Kevin Mulligan, Anatomie della stoltezza. Milano, Jouvence, 88 p., 18 €

Maurizio Ferraris, L’imbecillità è una cosa seria. Il Mulino, Bologne. Trad. fr. : L’imbécillité est une chose sérieuse. Trad. de l’italien par Michel Orcel. PUF, 146 p., 12 €


On traite très souvent les termes qui désignent la bêtise comme les membres d’une même famille, un peu comme si, à l’instar du capitaine Haddock, on avait le choix dans une panoplie d’insultes, selon les circonstances : abruti, idiot, crétin, niais, nigaud, bêta, stupide, sot, imbécile, débile, inepte con.  Peu importe qu’on soit bête, crétin, idiot ou sot, cela reste dans la famille. Mais cette interchangeabilité des adjectifs suggère qu’ils ne dénotent rien de précis, mis à part l’intention de celui qui les attribue dans tel ou tel contexte. Pourtant nous sentons bien que ces termes dénotent des propriétés réelles et stables des individus, et qu’il existe, comme pour les plantes, des natures réelles derrière les noms d’oiseaux (buse, bécasse, linote [1]), de mammifères (âne) ou de végétaux (courge, cornichon, patate) que nous donnons à ceux qui nous semblent mériter ces qualificatifs. Il nous semble aussi qu’il y a une gradation dans les propriétés : il paraît moins grave d’être cucul, bêta ou niais qu’idiot ou imbécile, et moins grave d’être un idiot qu’un con, qui semble le genre suprême dont les autres formes de bêtise sont les espèces. On a aussi souvent l’impression qu’avec le conon touche à l’essence même du phénomène, car, comme disait l’autre, quand on est con on est con [2].
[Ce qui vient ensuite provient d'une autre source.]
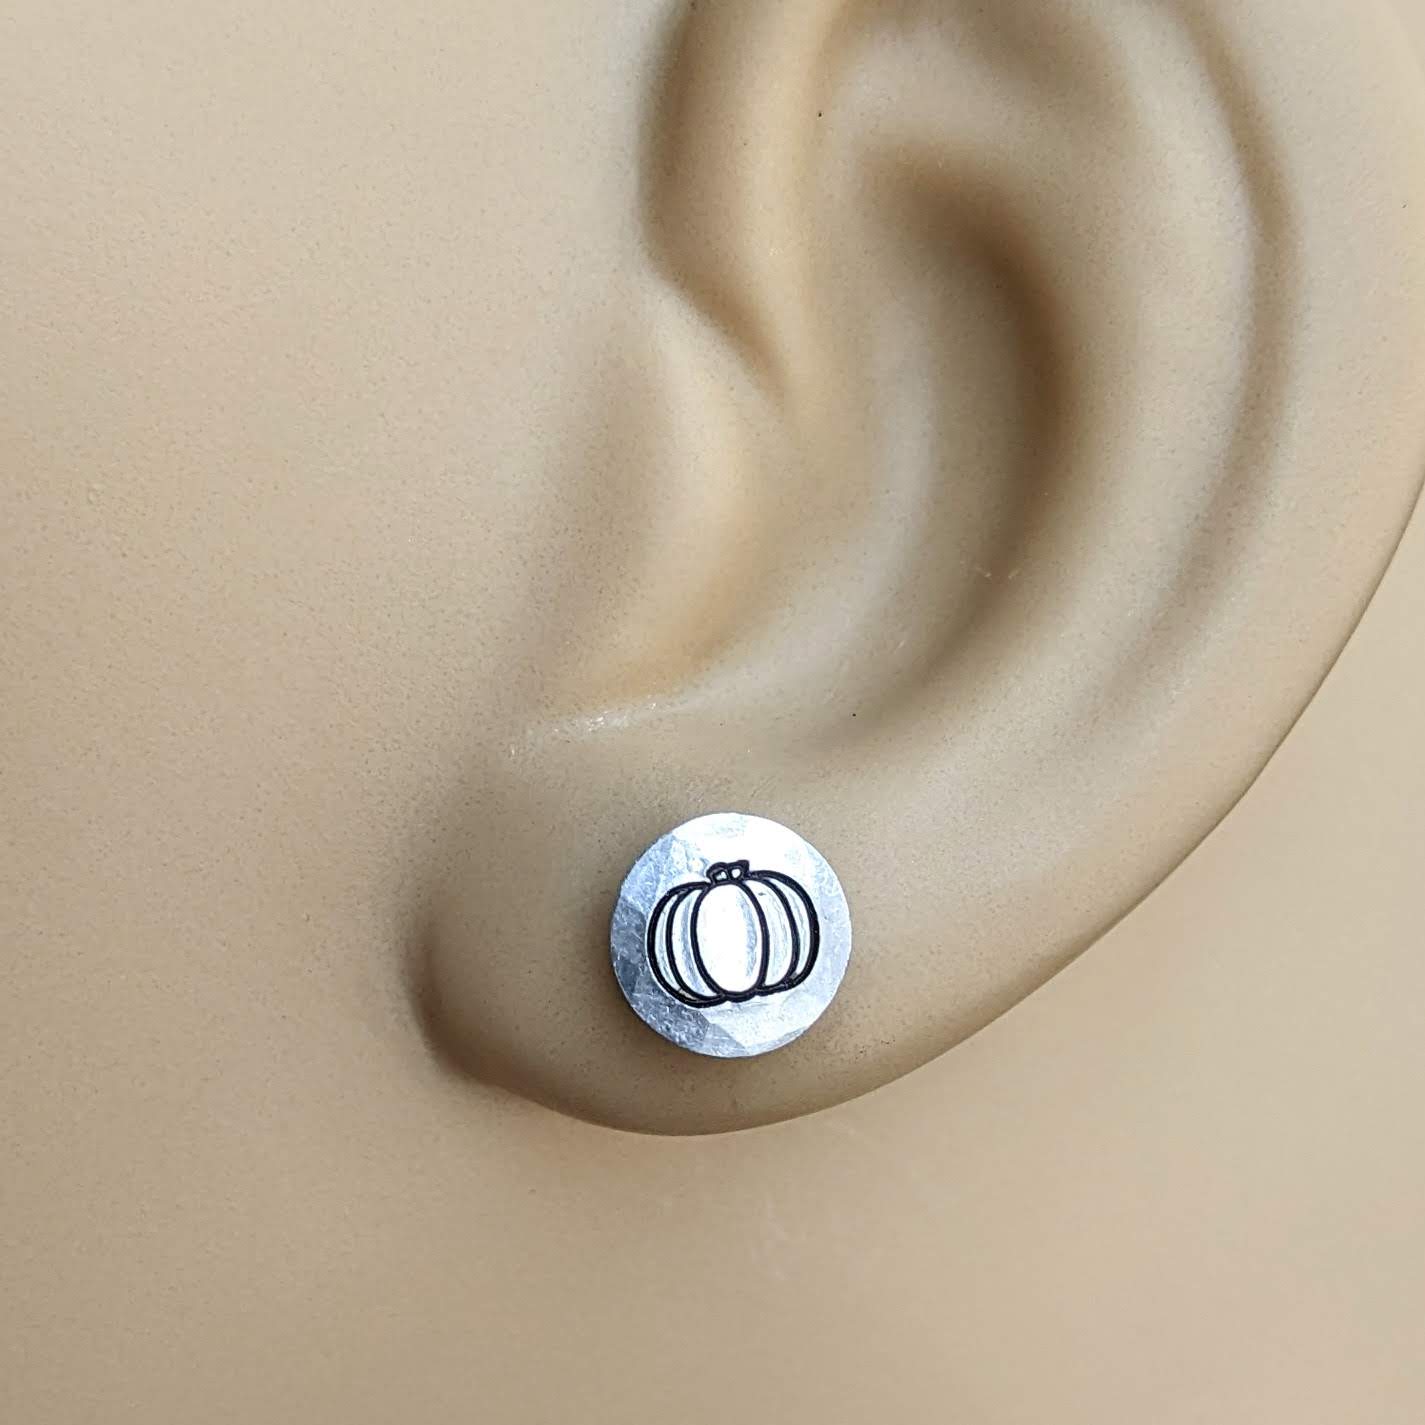 Pumpkin Stud Earrings 6mm - Hypoallergenic Titanium Posts

Beaucoup pensent que la bêtise est indéfinissable, et qu’une taxinomie des types de bêtise est impossible. Il ne faut pas minimiser la difficulté ni les dangers d’une telle entreprise. Mais toute philosophie de la bêtise doit être capable de distinguer au minimum, comme le soutient Kevin Mulligan dans ses Anatomies de la sottise, deux grandes espèces de bêtise. La première, qui correspond à notre notion la plus courante, est la bêtise comme défaut ou incapacité intellectuelle. La bêtise en ce sens est le fait, pour un individu, de manquer, de manière permanente ou temporaire (quand on fait une bêtise), d’entendement. C’est le pôle animal de la bêtise, Comme le dit le latin, les humains qui tendent vers ce pôle sont des minus habentes. Ils sont bêtes au sens littéral comme brutes, abrutis, ou stupides, ce qui se manifeste souvent par des traits physiques caractérisant également, dans les cas pathologiques, les débiles mentaux, les idiots, les imbéciles et les crétins, tous termes qui désignent une lacune intellectuelle. L’analogie et la métaphore étant en ce domaine presque constitutives, il arrive souvent qu’on appelle imbéciles, abrutis ou crétins des gens qui ne le sont qu’à un moindre degré, mais ces désignations portent toujours sur le défaut d’entendement. On peut pourtant avoir une certaine capacité intellective, c’est-à-dire disposer des aptitudes d’apprentissage et d’acquisition de savoir habituellement prêtées à des gens normalement intelligents, et néanmoins agir bêtement quelquefois ou même souvent. Dans ces cas, les gens bêtes disposent des informations pertinentes, des catégories propres à l’intellect, mais manquent de jugement. Ils ne savent pas, dans telle ou telle circonstance, appliquer leur entendement. En termes kantiens, ils ont les catégories, mais pas les intuitions, et leurs jugements déraillent. De manière fameuse, Kant définit la bêtise comme Mangel an Urteilskraft, manque de jugement. Cela veut dire qu’on peut être bête sans être idiot, débile, ou ignorant. L’ours de la fable qui lâche un pavé sur la tête de son maître manque de jugement mais n’est pas totalement dépourvu de connaissances en jardinage. Bouvard et Pécuchet en ont à revendre, et dans tous les domaines. Ils sont même très savants. Leur bêtise tient au fait qu’ils ne savent pas appliquer leur savoir ni exercer leur jugement.